Moving into assisted living can be a stressful time. Additionally, for many people, one of the heaviest concerns is what to do with the house left behind. Do you sell? Offer it to family members? Rent it out? Read on as we sort through various options.

Source of Income

It’s no secret that assisted living communities can be expensive. In fact, some statistics indicate the average cost for an assisted living community in 2018 was approximately $4,000 per month. With that figure in mind, why not turn to your home as an ongoing source of income? Renting it out could be an ideal solution for many homeowners, as it not only provides a steady flow of rent, but it also preserves the home to pass along to family members later.

To make upkeep and handling tenants easier, consider connecting with a property manager to take that burden off your shoulders. Better property managers not only handle your house and lawn maintenance, but they are also available 24/7 to you and to your tenants and will keep you and designated loved ones in the loop about what’s happening with it.

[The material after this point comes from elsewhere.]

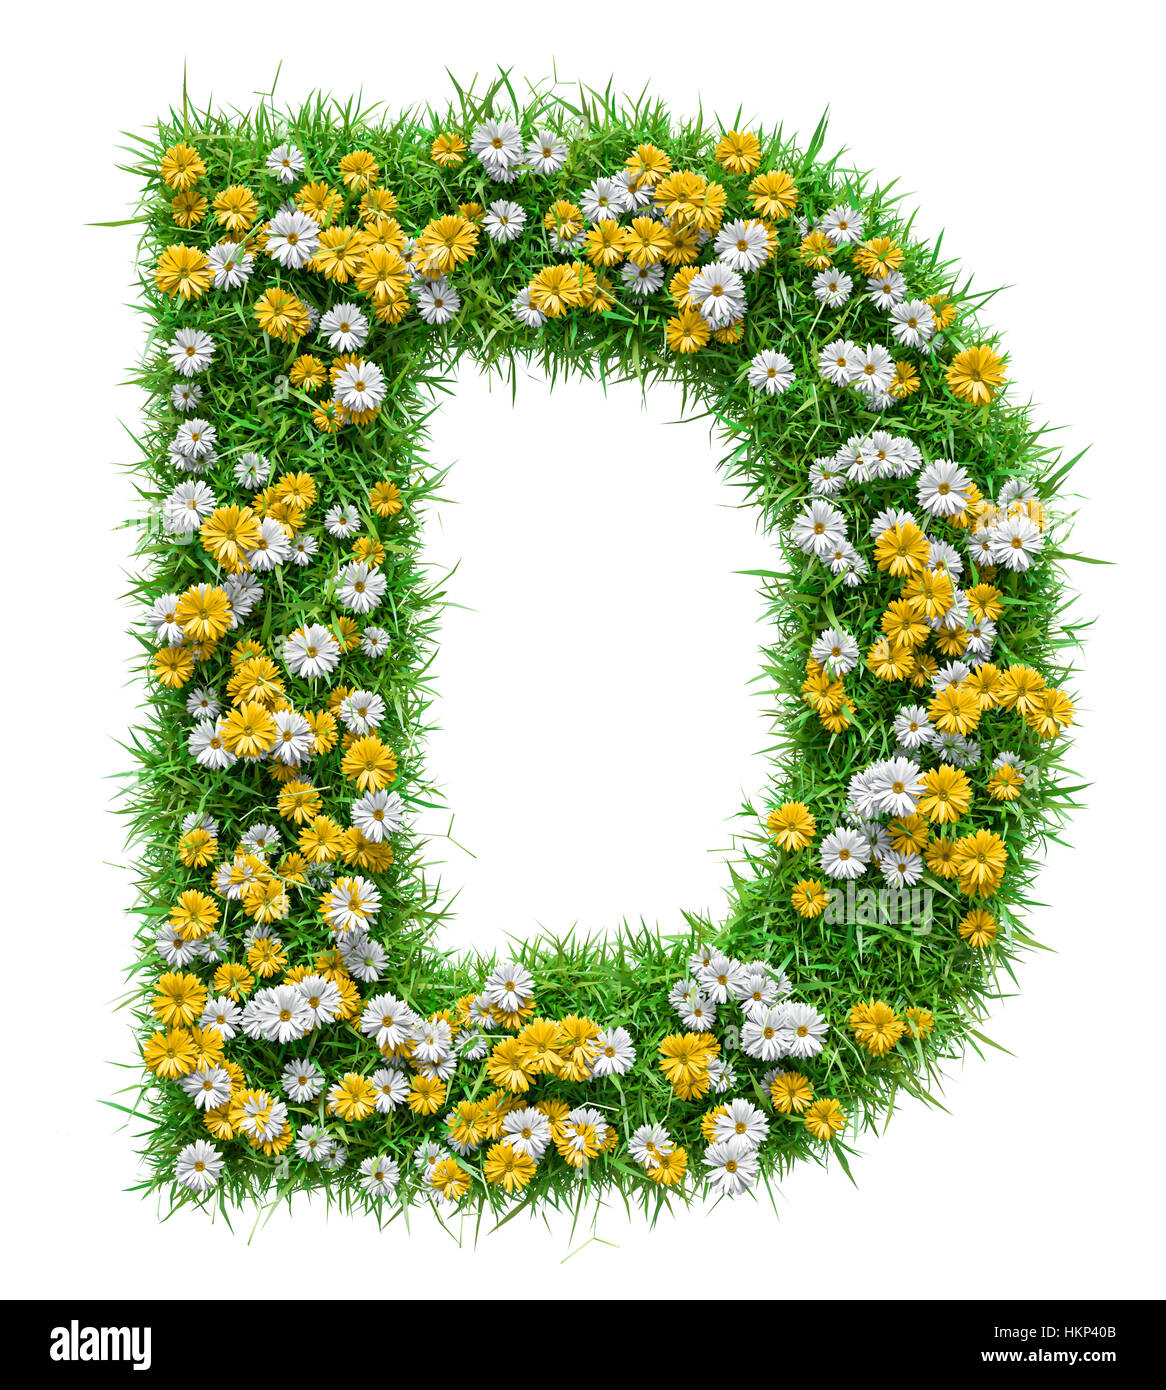 Letter D Of Green Grass And Flowers Stock Photo

On top of that, professional property managers screen potential tenants carefully, easing your mind as to who is living in the house. Plan on interviewing prospective property managers so you know what you’re getting and feel comfortable with your choice.

Family Ties

Sometimes, seniors wish to transfer ownership of their home to a family member or friend. If you are considering this option, a quitclaim deed is the usual route. With a quitclaim deed, you transfer the ownership lock, stock, and barrel to the recipient. This can be a boon to the person receiving the gift in many ways, but as the Balance warns, you might need to pay gift tax.

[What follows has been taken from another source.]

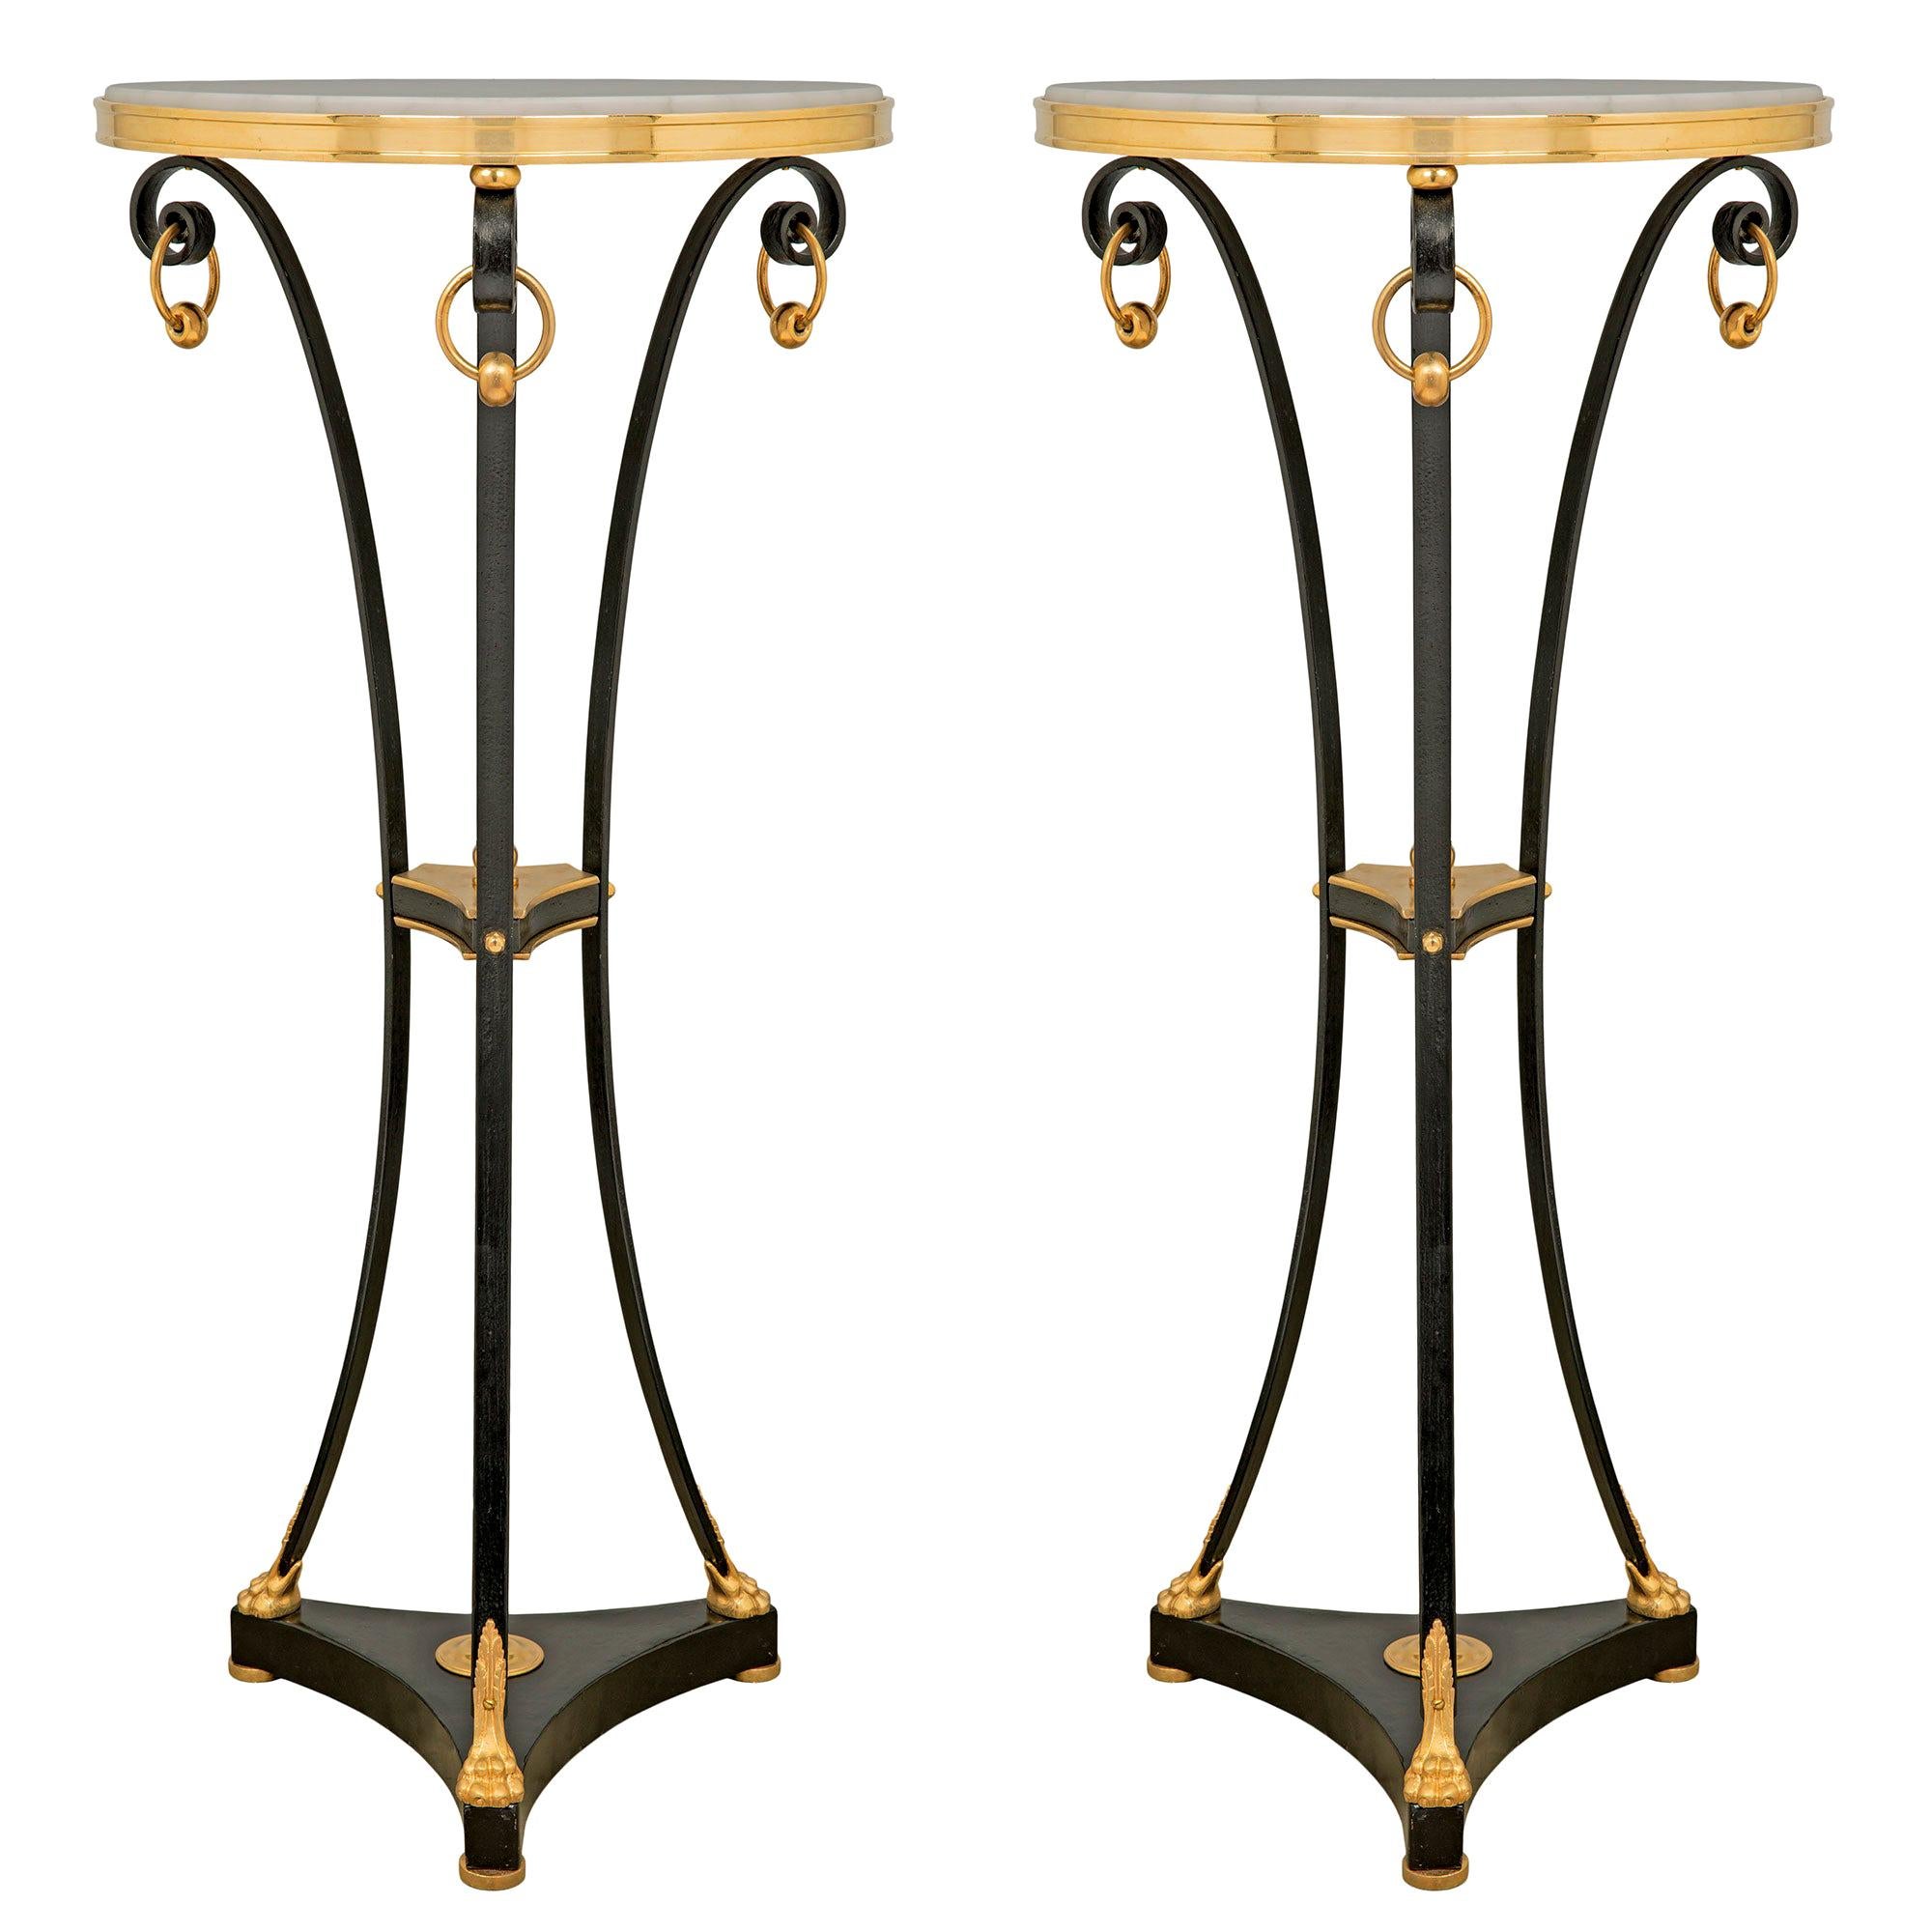 Pair of French Louis XVI Style Bronze, Ormolu and Marble Gueridon Side Tables

Another option some seniors explore is joint ownership. In this case, you would want to think about how much ownership you wish to retain. There are agreements in which you and other parties share ownership equally in all regards, or agreements in which there would be limitations involved. There are some risks involved with this decision, and it would be in your best interests to talk with a real estate attorney before entering into this sort of arrangement.

Put it on the Market

Selling is a logical option for many seniors, although it can often be a painful one. The process of preparing a home in order to show prospective buyers can be a lot of work. Because you already have a great deal going on, one suggestion is to ask a family member to handle the prep work and showings on your behalf.

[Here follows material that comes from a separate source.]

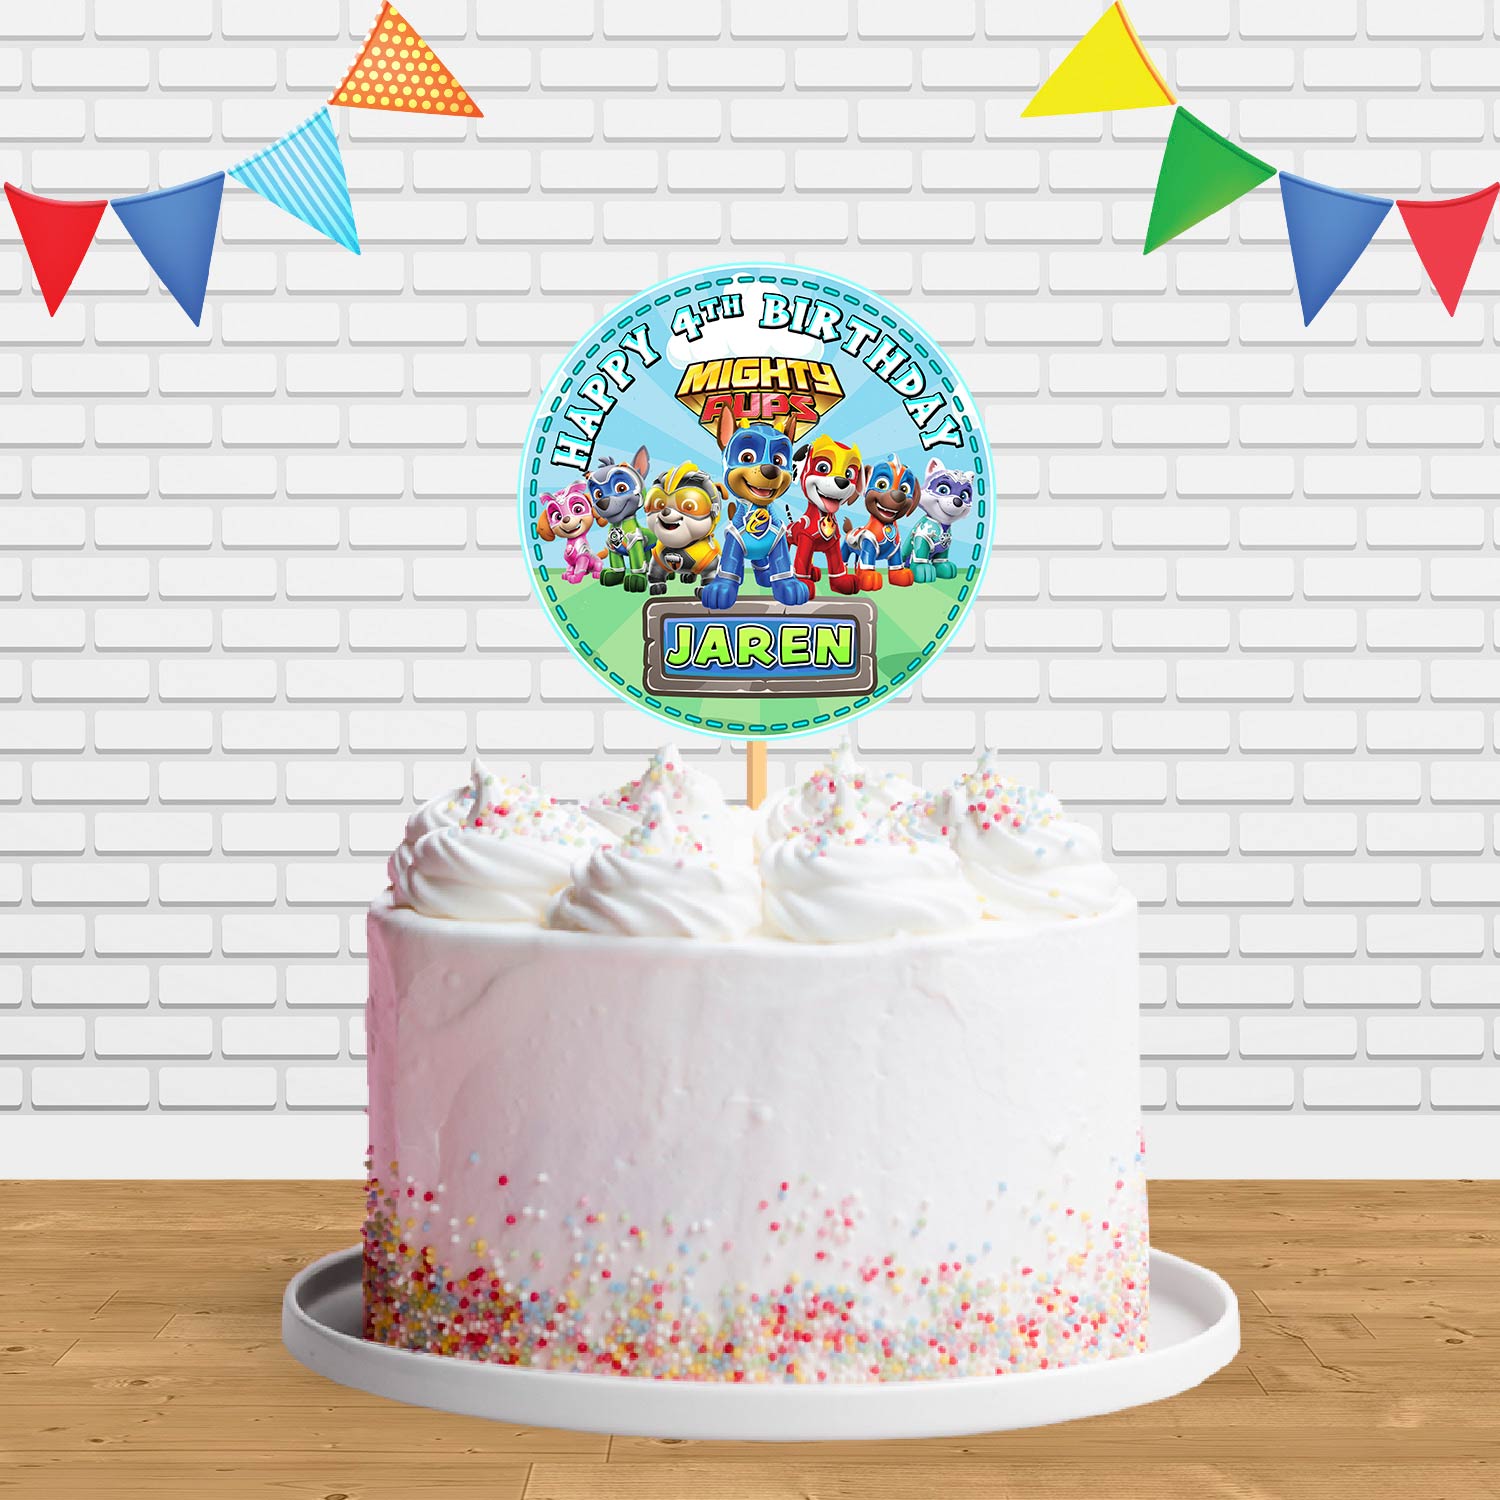 Mighty Pups PAW Patrol Edible Cake Toppers – Ediblecakeimage

Note that most seniors will not need to pay capital gains tax on the home sale, although if your home is held in a trust you should discuss terms with an attorney before you sell.

Be Leary of the Look-Back

No matter what you decide, bear Medicaid in mind. As Forbes explains, there is a five-year look-back period for transfers of assets, including homes. That means if you sell your home or part of the ownership, Medicaid can charge penalties when you apply for coverage for gifts and sold assets for up to five years. Anything given away or sold more than 60 months prior is exempt. An elder law attorney could help you sort the details relating to the situation.

Leave Things as They Are

If you leave your home empty, make arrangements for someone to handle the upkeep. Empty homes can become vulnerable and run down — pipes can freeze in winter, lawns need routine care, the risk of theft increases, and so forth. Ideally, you could request a family member, neighbor, or friend who lives close by to tend it for you.

While there are no simple answers in these situations, there are several options to explore. Examine your circumstances carefully, talk things over with your loved ones, and get some professional advice as needed. With careful planning, you’ll make the right choice.